2018暑假多校赛【第四场】-Problem D. Nothing is Impossible-YZHHHHHHH

Problem D. Nothing is Impossible

Time Limit: 2000/1000 MS (Java/Others)    Memory Limit: 262144/262144 K (Java/Others)

Total Submission(s): 562    Accepted Submission(s): 329

Problem Description

m students, including Kazari, will take an exam tomorrow.

The paper consists of exactly n problems, the i-th problem contains ai correct answers and bi incorrect answers, i.e. the i-th problem contains ai+bi candidates in total.

Each student should choose exactly one candidate as answer for each problem. If the answer to a certain problem is correct, then the student will get one point. The student who gets the most points wins.

Students only know the structure of the paper, but they are able to talk with each other during the exam. They decide to choose a subset S of all n problems, and they will only be able to submit answers on these problems.

They want to know the maximum size of S that the winner among them will solve all the problems in S if they take the optimal strategy.

For sample 1, students can choose S={1}，and we need at least 4 students to guarantee the winner solve the only problem.

For sample 2, students can choose S={1,2,3}, and we need at least 24 students to guarantee the winner solve these three problems, but if |S|=4, we need at least 96students, which is more than 50.

Input

The first line of the input contains an integer T (1≤T≤100) denoting the number of test cases.

Each test case starts with two integers n,m (1≤n≤100,1≤m≤109), denoting the number of problems and the number of students.
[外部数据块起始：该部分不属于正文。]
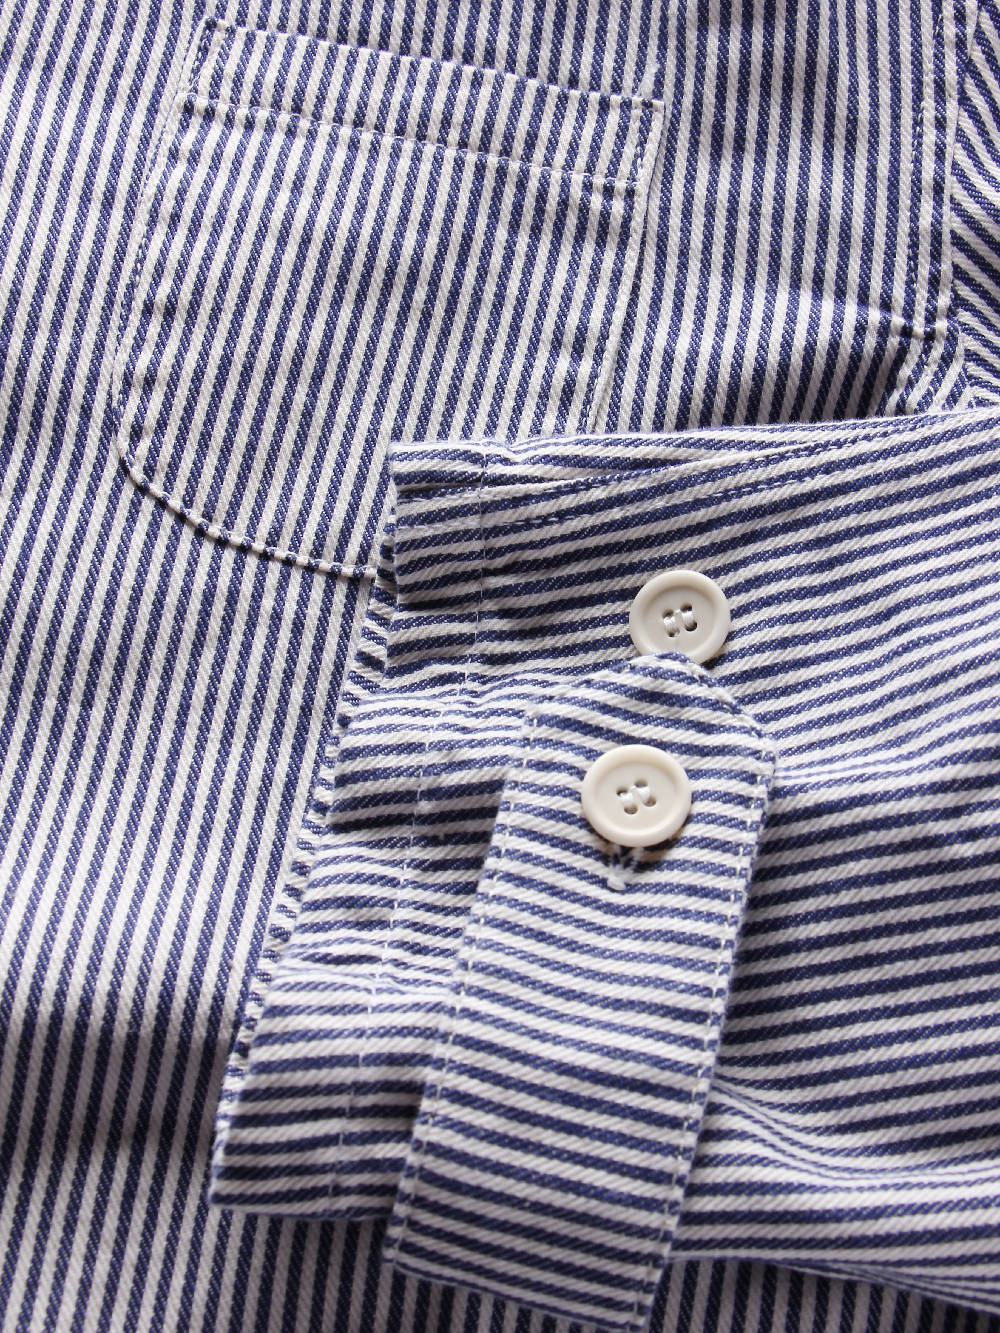 Myar Imj90 Vintage Striped Shirt

Each of next n lines contains two integers ai,bi （1≤bi≤100,ai=1）, indicating the number of correct answers and the number of incorrect answers of the i-th problem.

Output

For each test case, print an integer denoting the maximum size of S.

Sample Input

2

3 5

1 3

1 3

1 3

5 50

1 1

1 3

1 2

1 3

1 5

Sample Output

1

3

题意：

有n道题，m个学生，下面n行（左ai，右bi），ai 正确答案个数（ai==1），bi 错误答案个数

这群学生可以选择里面的一些题目，每个人只能选一个答案，但他们能够互相交流，他们想要有一个人可以拿到最多的分数。

一道题被一个人做对的概率是：1/（bi+1），两道题被人做对的概率是

1/((b1+1) * (b2+1))。以此类推，当人数不够的时候结束。

代码：

记得开long long

#include <stdio.h>
#include <algorithm>
using namespace std;
int main() {
	int t;
	while (scanf("%d",&t) != EOF){
		long long n,m;
		while (t--) {
			scanf("%lld %lld",&n,&m);
			long long ans = 0, u, v, sum = 1;
			long long num[1000];
			for (int i = 0; i < n; i++){
				scanf("%lld %lld", &u, &v);
				num[i] = u+v;
			}
			sort(num,num+n);
			
			for (int i = 0; i < n; i++){
				sum *= num[i];
				if (sum > m) break;
				ans++;
			}
			printf("%lld\n",ans);
		}
	}
}